Awarded by Government of Wallonia
- Type: Order of merit
- Founded: 31 March 2011
- Eligibility: To any natural or legal person whose talent or merit has brought or continues to bring exceptional honour to Wallonia and thus contributes significantly to its influence.
- Status: Currently constituted
- Grades: Commander; Officer; Knight; Medal;
- Post-nominals: CMW; OMW; ChMW; MMW;

= Walloon Merit =

The Walloon Merit (mérite wallon) and the Spark of Wallonia (Étincelle de Wallonie) are a civilian honour for merits in the Belgian region of Wallonia. They are awarded by the Government of Wallonia to recognise individuals or organisations whose achievements bring exceptional distinction to the region. The Walloon Merit was established by decree on 31 March 2011, while the Spark of Wallonia was introduced on 12 July 2023 as a complementary distinction for young people or emerging talents aged 18 to 35.

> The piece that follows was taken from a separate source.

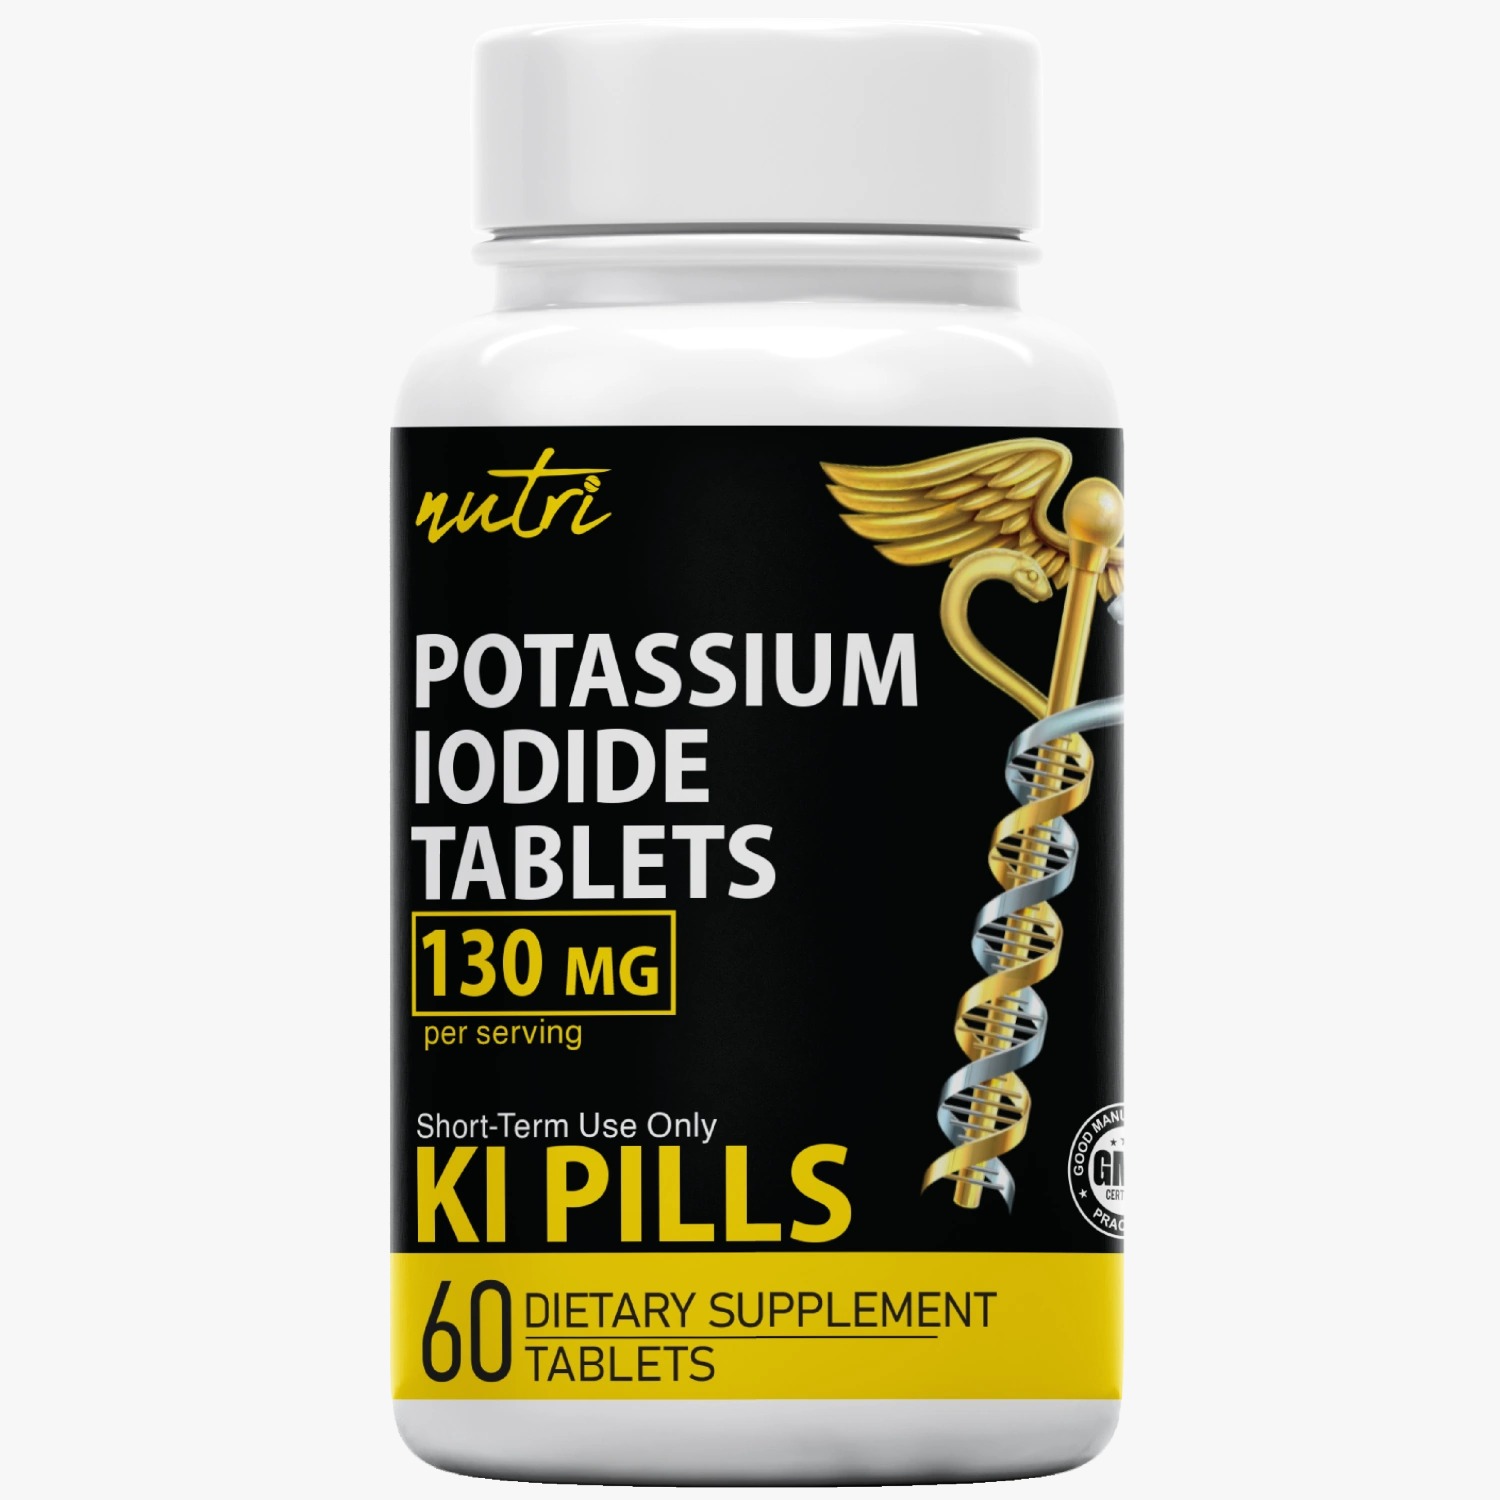 Potassium Iodide Tablets: A Must-Have for Emergency Preparedness

The honours are presented annually in Namur, the capital of Wallonia, during Wallonia Day. They recognise persons whose talent, dedication, or merit contributes to the reputation and influence of Wallonia in fields directly or indirectly related to the region’s areas of competence. In exceptional circumstances, the distinctions may also be awarded outside the annual ceremony.

== History ==
The creation of the Walloon Merit originated from a wider reflection on civic recognition and identity within the Walloon Region. Throughout history, human societies have honoured exceptional acts and exemplary conduct through various distinctions, a tradition modern states have adapted to reward civic merit and public service. Inspired by this historical continuity, the Walloon authorities sought to establish a distinction that would celebrate values such as dedication, excellence, and community contribution within a regional framework.

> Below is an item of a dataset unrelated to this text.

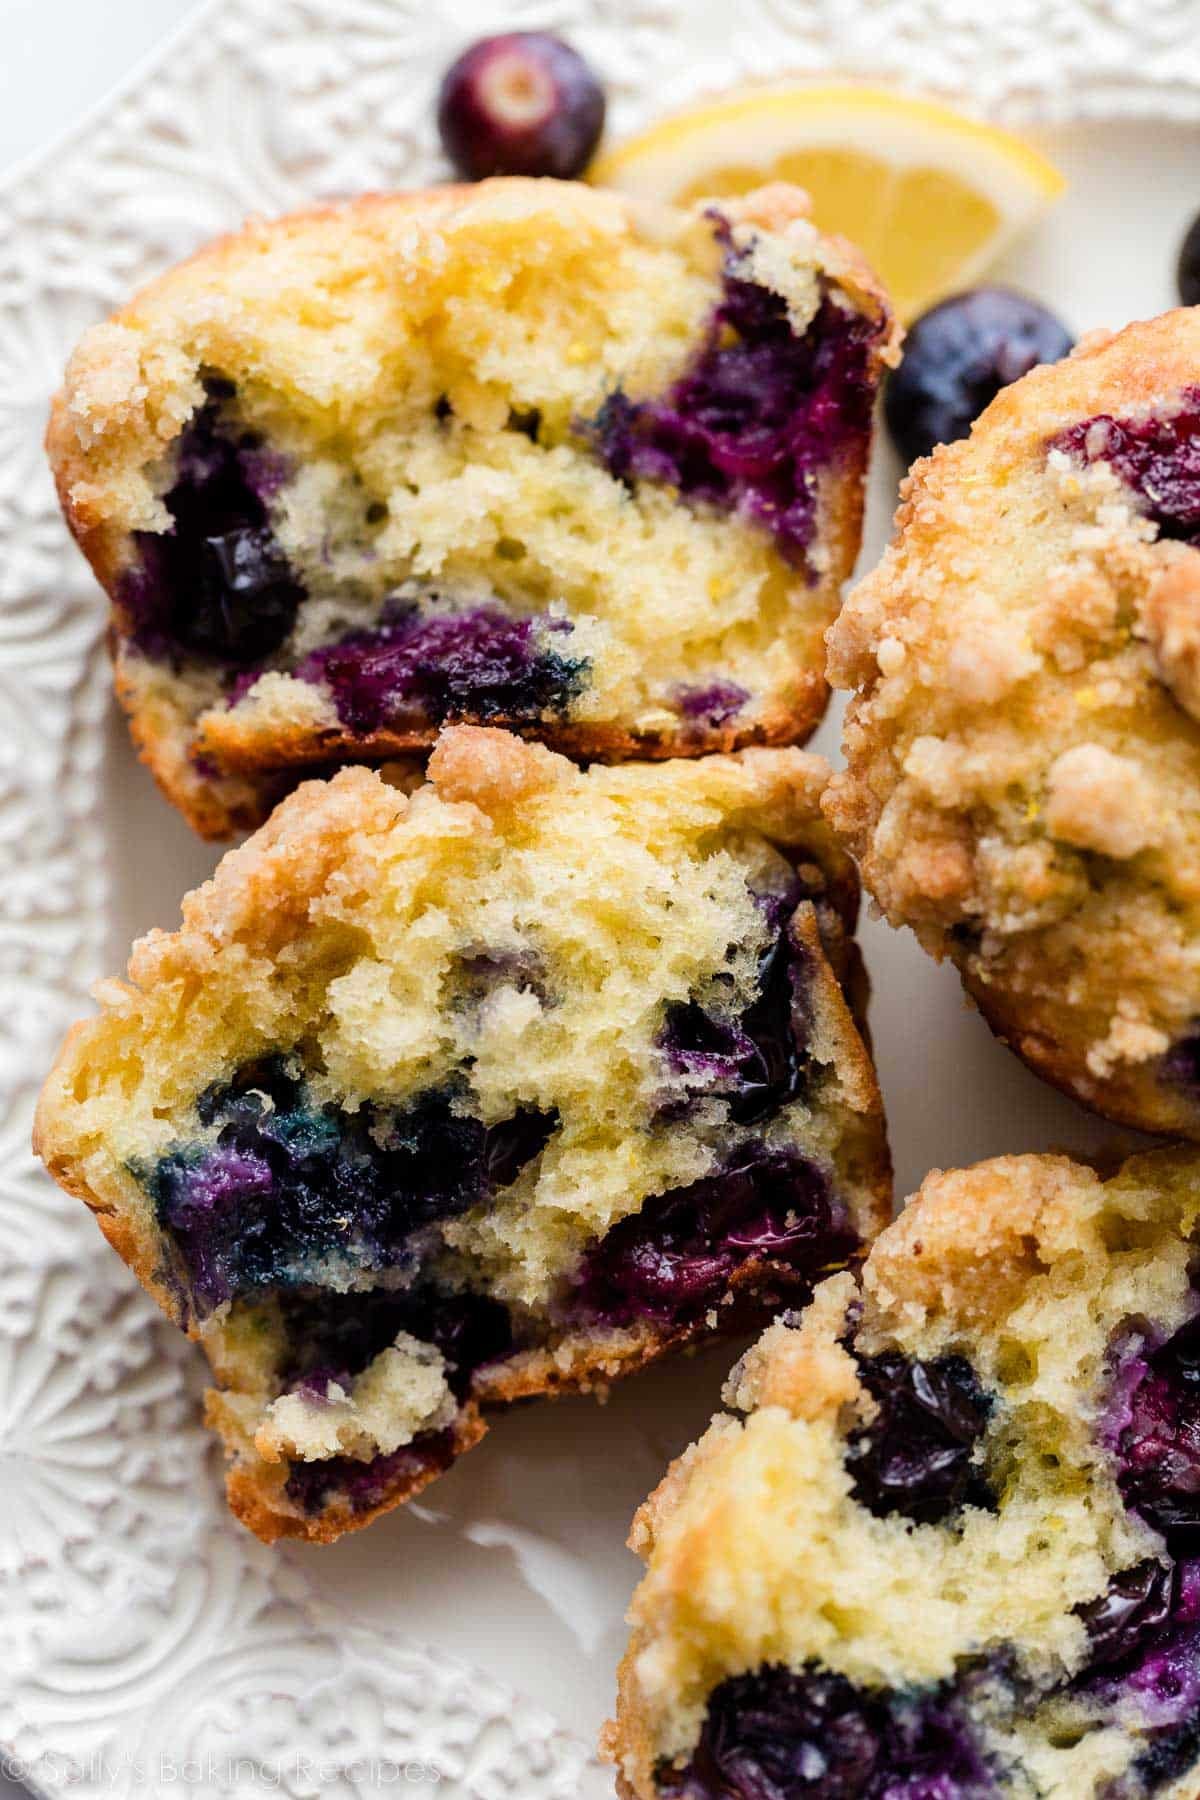 lemon blueberry muffin cut in half to show blueberries in center.

By the early 2000s, Wallonia had consolidated many of its political and cultural symbols, including its flag, anthem, and regional holiday. As part of a broader movement of self-definition within the Belgian federal structure, the government aimed to complement these symbols with an official recognition of individual and collective merit. Similar systems already existed in other federated entities such as Quebec, and several other Canadian provinces and German Länder, which served as reference models for the Walloon initiative.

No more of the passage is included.